Back when I was working on the Fascination, the Carnival Cruise ship I was on from January through May of this year, I made a pretty incredible find in a book shop in Key West, Florida (our every Tuesday morning stop on the way from Miami to Cozumel): a hard cover edition of the complete works of Shakespear (including the sonnets) for $3.50 American! (I later also found in the same place a hard cover edition of the complete writings of Ralph Waldo Emerson for a whole $5.) Since then I've been reading a lot of the Bard. So much great writing. Here's a quote from Richard III:
"But then I sigh, and with a piece of scripture, tell them that God bids us do good for evil. And thus I clothe my naked villainy with odds and ends stol'n forth of Holy writ and seem a saint when most I play the devil."

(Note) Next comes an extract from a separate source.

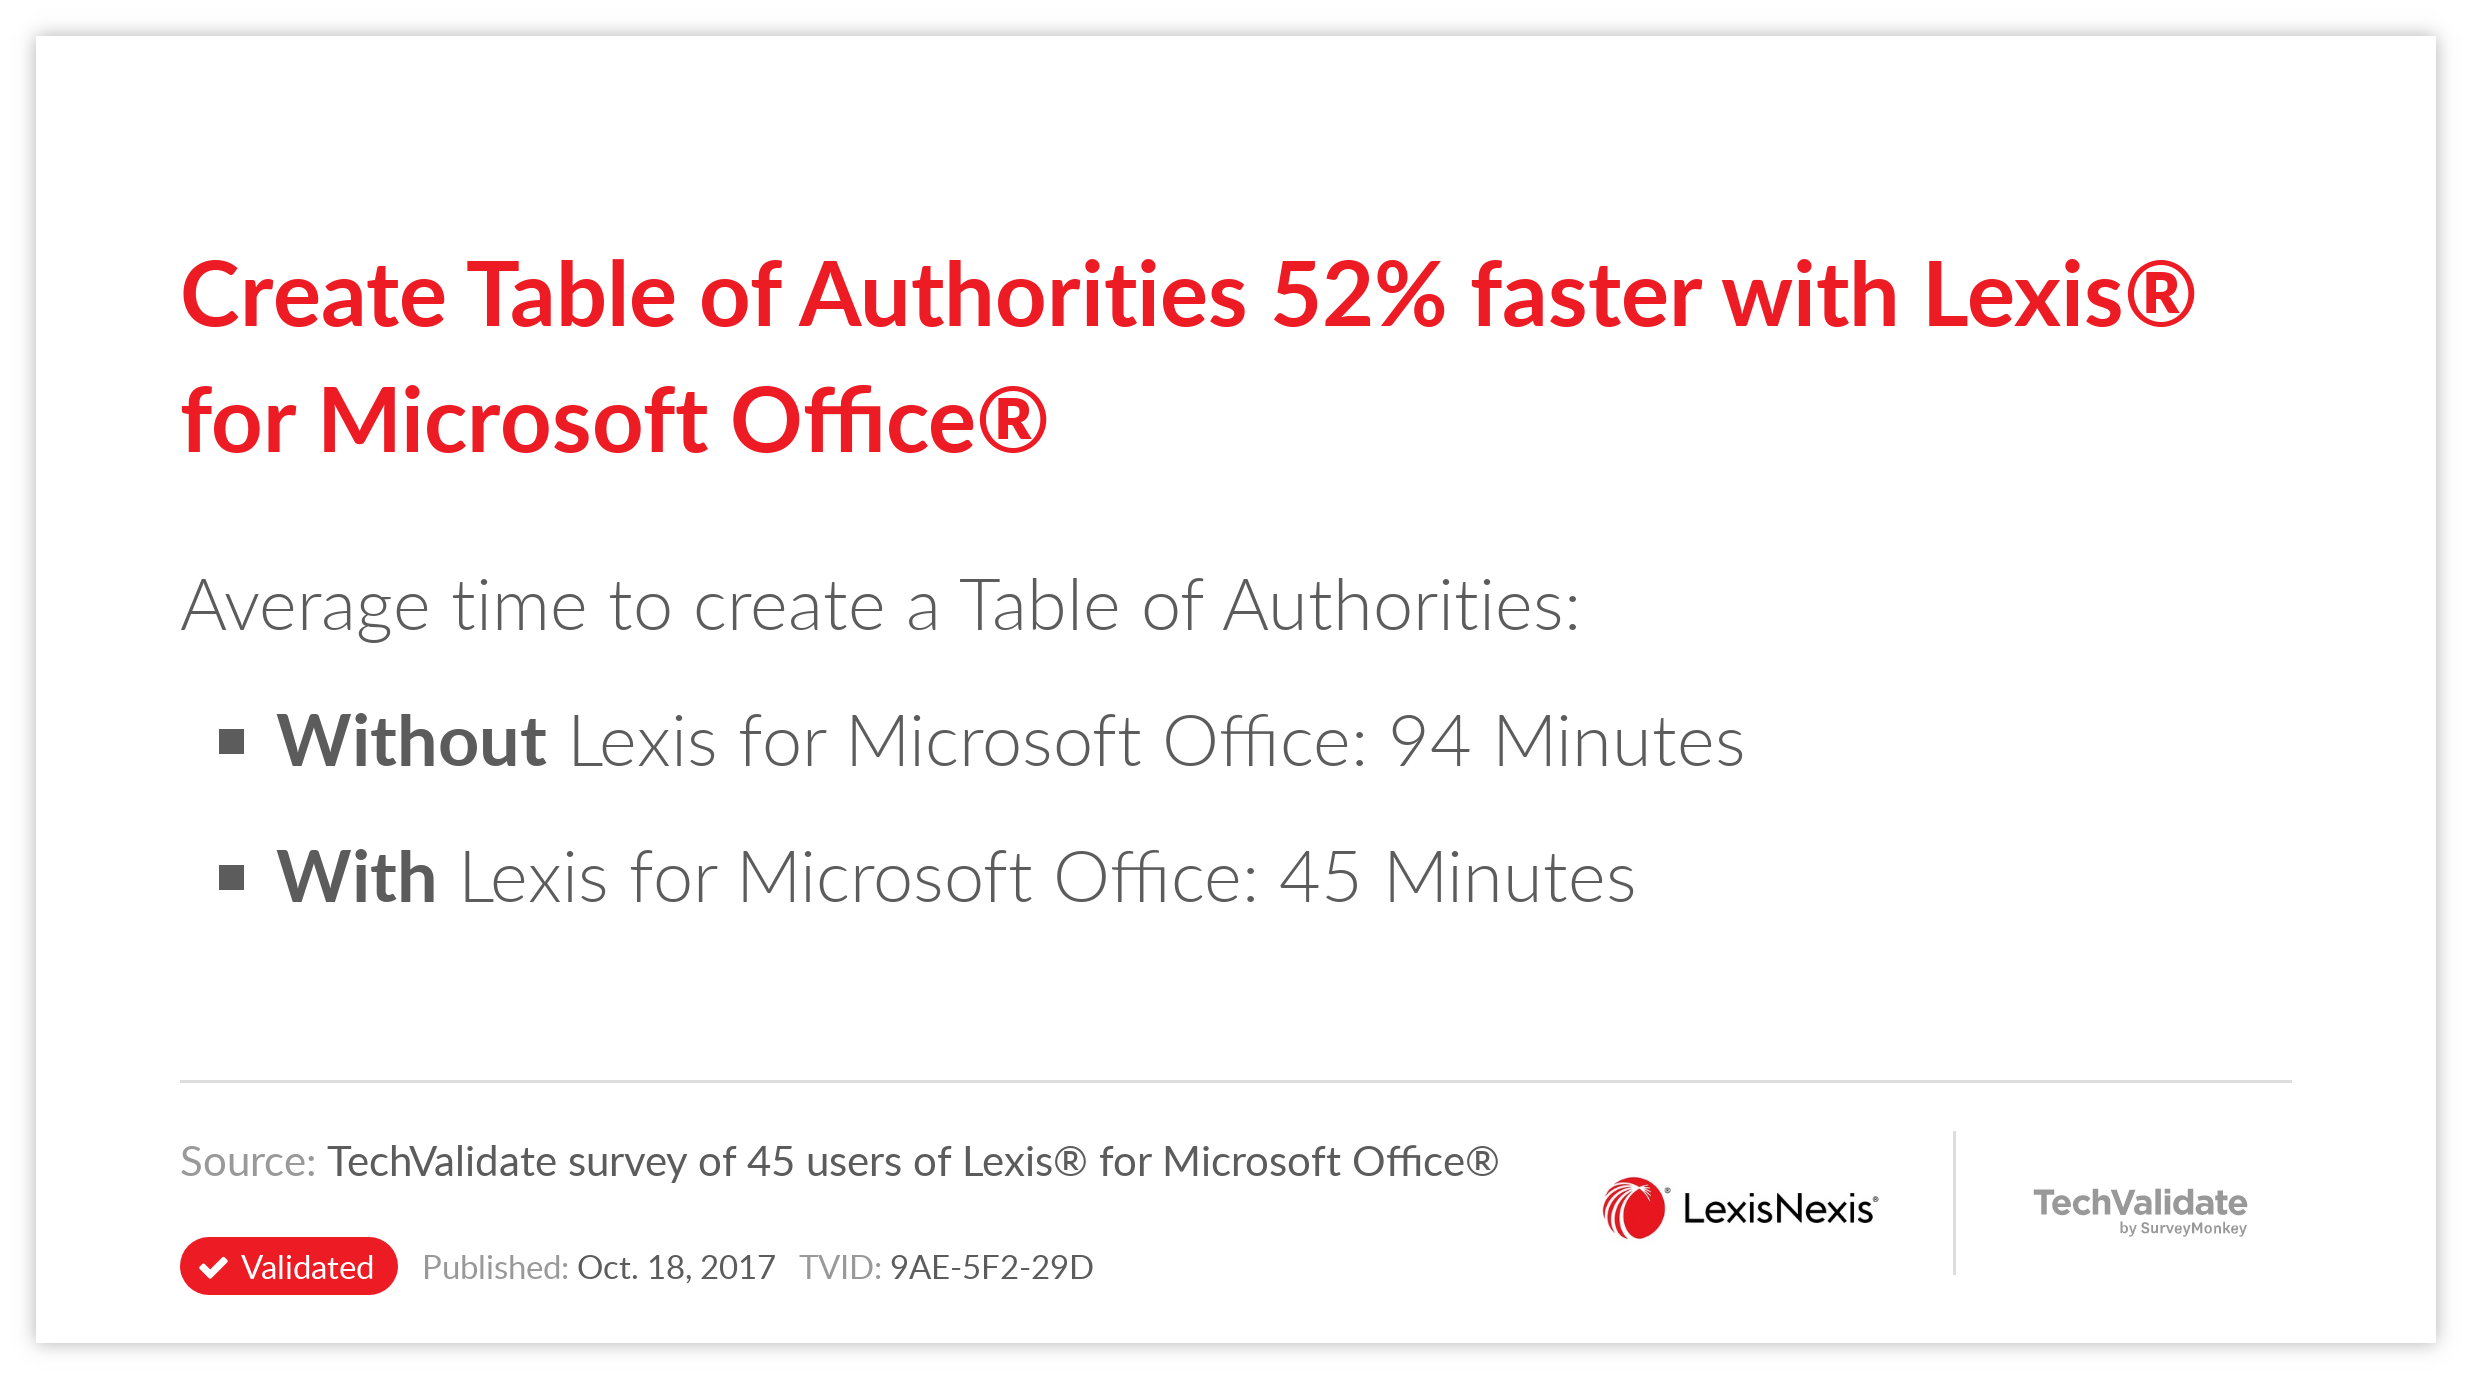 Create Table of Authorities 52% faster with Lexis® for Microsoft Office®

By no means do I mean to imply anything self-descriptive by me posting this, but what a perfect description of the pure (though apparently historically inaccurate; the demonizing of Richard being a production of the later Tudor kings that succeeded the York dynasty that Richard had been the last King of England from; see http://en.wikipedia.org/wiki/Richard_III_of_England) evil that Shakespeare charaacterized so brilliantly in that play. Ian McKellen's (of Lord of the Rings Gandalf fame) film version is well worth seeing if you're at all interested.